We also have an old Samsung TV that dates back to the rear end projection days. After selecting Samsung from the list of manufacturers, the remote app listed 17 different remotes that supposedly work with Samsung TVs. Luckily, remote number 4 worked like a charm and saved me from going through the list any further. All the buttons worked fine and the reception and response was better than I had expected, with the signal continuing to work in excess of 8 meters. Interesting note though, it seemed that more than one remote worked with the same TV, with later trials suggesting that remotes 5,6 and possibly more all working on the old Samsung.

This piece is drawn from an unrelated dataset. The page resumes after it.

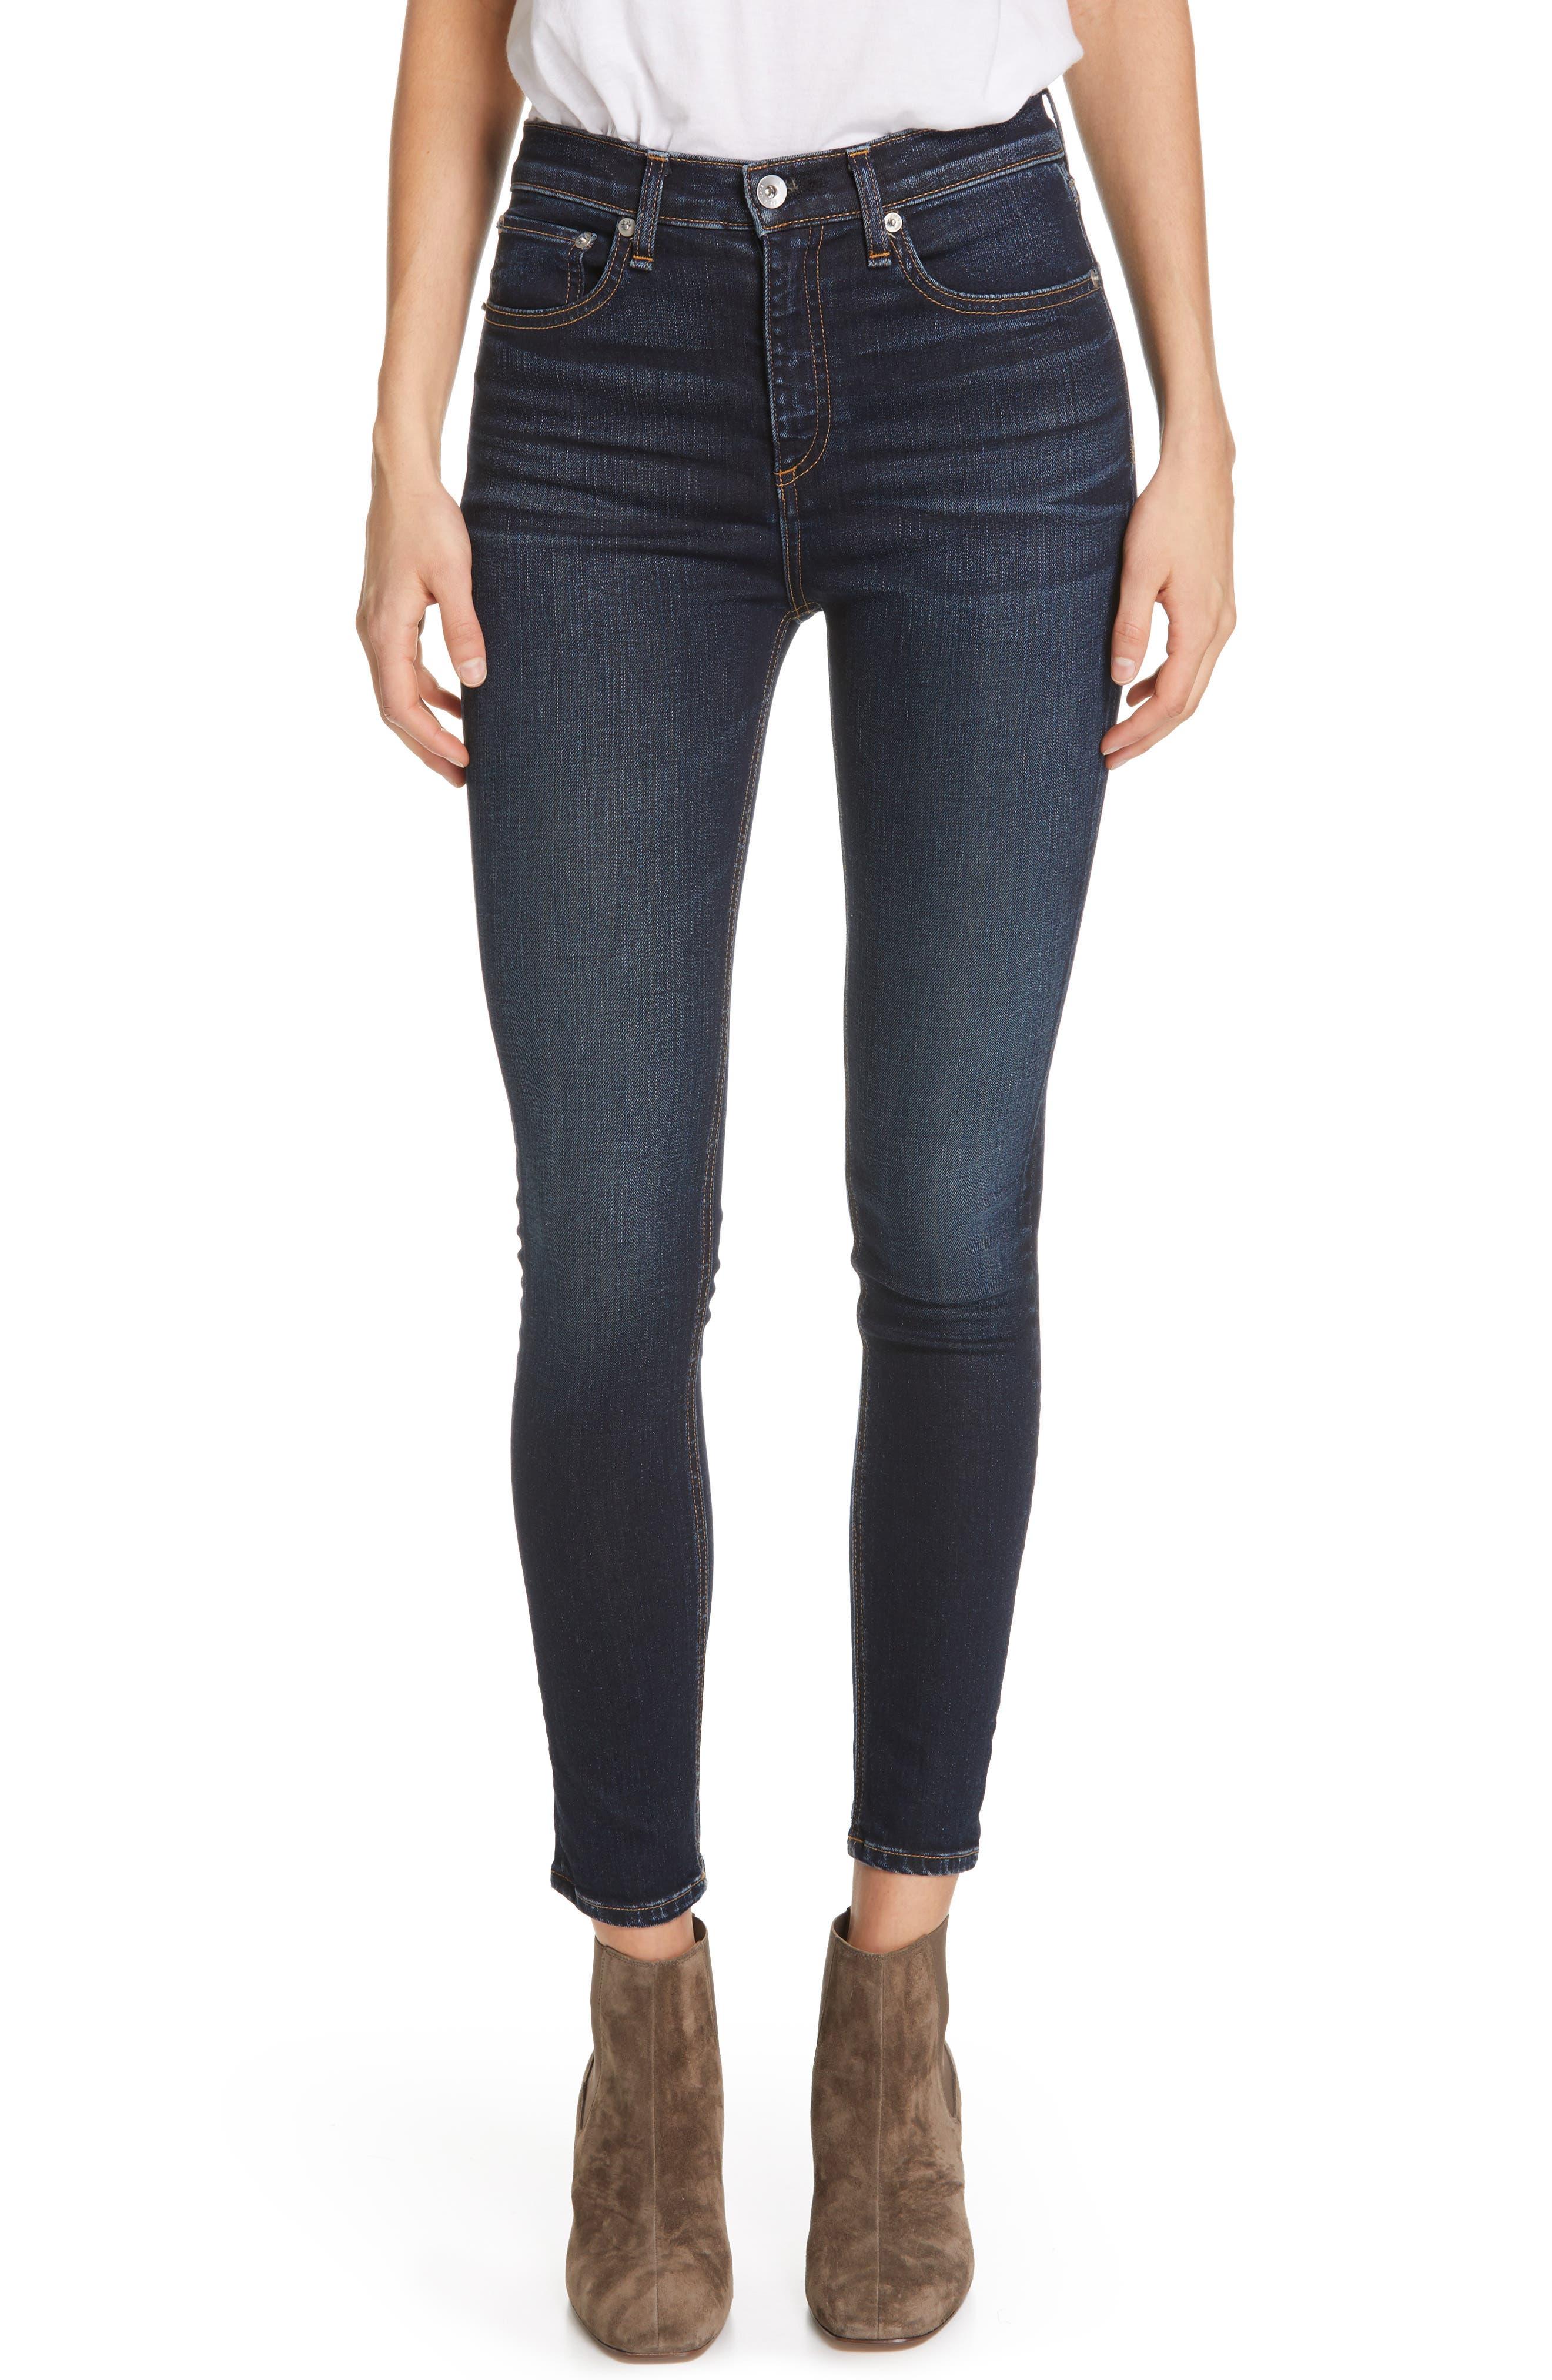 RAG & BONE, High Waist Ankle Skinny Jeans, Main thumbnail 1, color, 420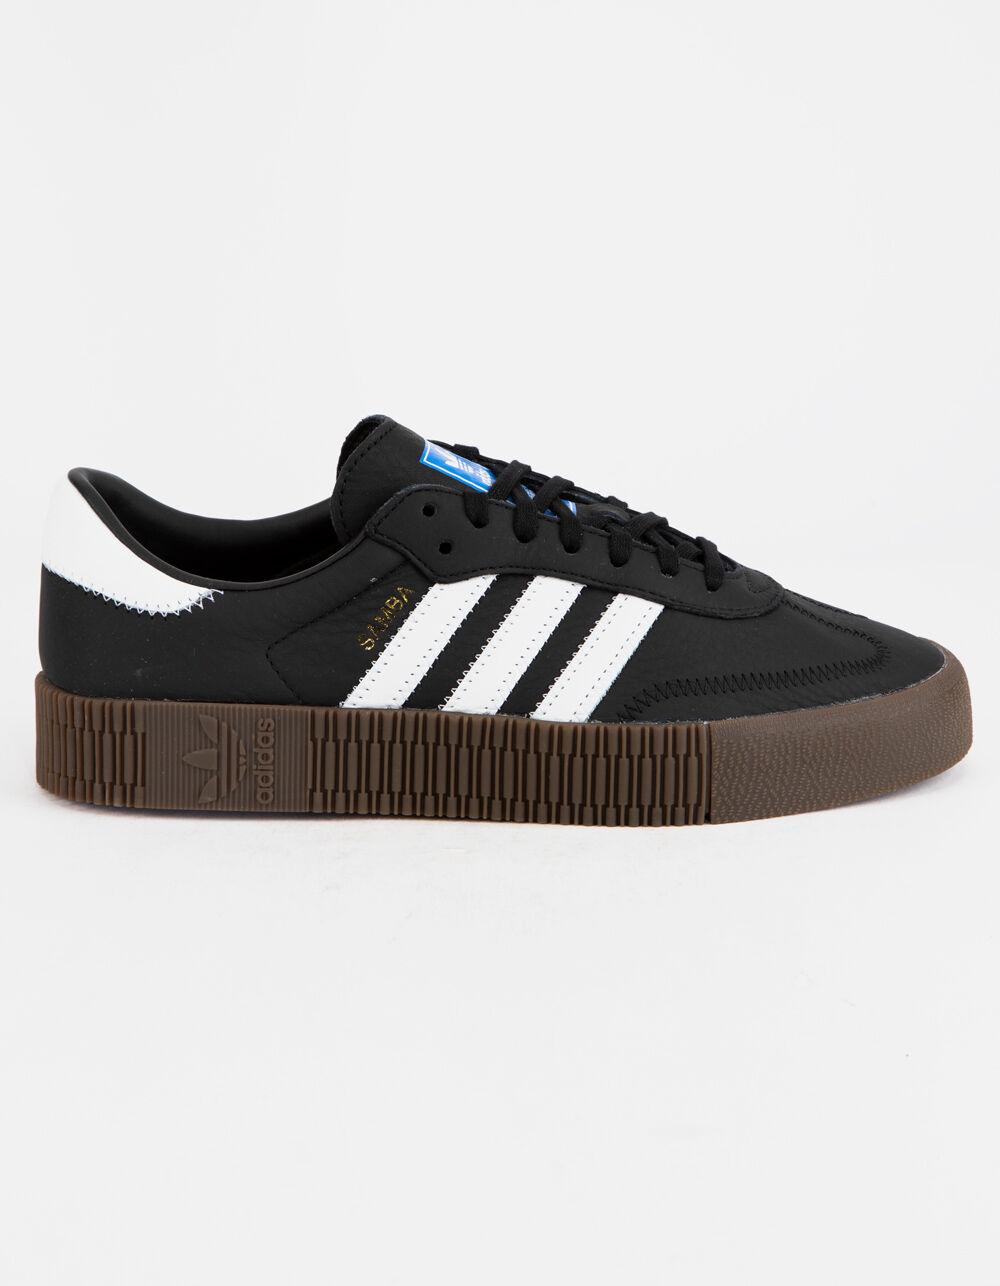 ADIDAS Sambarose Core Black & Gum Shoes

Our Panasonic home theatre system is the last IR compatible system in the house and it proved no challenge to the substantial database of remotes that Sony has managed to cram into the Tablet S. It succeeded in finding 6 remotes compatible with Panasonic home theatres and strangely enough, all 6 of them worked. Needless to say, that was by far the most painless setup out of all the devices that I have configured for the tablet.

Was it easy to set up 3 devices to work with the Sony Tablet S? Not really. It took a lot of sweat, toil, tears and the occasional urge to smash something. But was it worth it? Most definitely. Having the equivalent of an extra remote not only unifies the media consuming experience and reduce clutter, but when push comes to shove in the war for the remote, you can be sure that what’s on TV is what you want.


The DLNA capabilities of the tablet are as useful as they are easy to setup. Streaming from my local server was painless as it had already been set up previously. The testing of ‘throwing’ media to my computer took a bit of thinking, but after a few quick settings everything was smooth sailing. Sony is to be commended on the ease of setup and use, as well as the actual practicality and functionality of the feature itself. DLNA support is integrated into each of the core apps for images, videos and music which are gallery, video player and music player respectively.

Unfortunately I don’t have a DLNA compatible TV or network speaker to test on, but trying it out on the computer gives me a fairly good idea of its capability and potential uses. If I was looking at a photo on the tablet and I want to share it on the computer’s monitor, I can just throw it to the computer and show everyone. The same can be said for music and videos. Not only does DLNA make sharing media super easy, it also does away with wires and copying, effectively allowing you to bypass the transferring of any media that you want to view or listen to on your computer, TV and network speaker. Being able to pick up exactly where you left off is pure genius and controlling the playback from the tablet is a compelling bonus to any multimedia experience.

Closing thoughts

Sony’s tablet packs a powerful punch in the connectivity game and delivers a knockout blow to all the traditional methods we have become accustomed to. Combining many remotes into one solid package that not only streams, but also controls devices from afar is a success in my book. So whilst we can’t control the weather from our tablets or get the computer to make us a sandwich (yet), the freedom and convenience provided by the Sony Tablet S truly adds another dimension in the interconnectivity of our household. Like all good things, once you get used to it, there would always be that one question at the back of your mind. How did we ever live without it?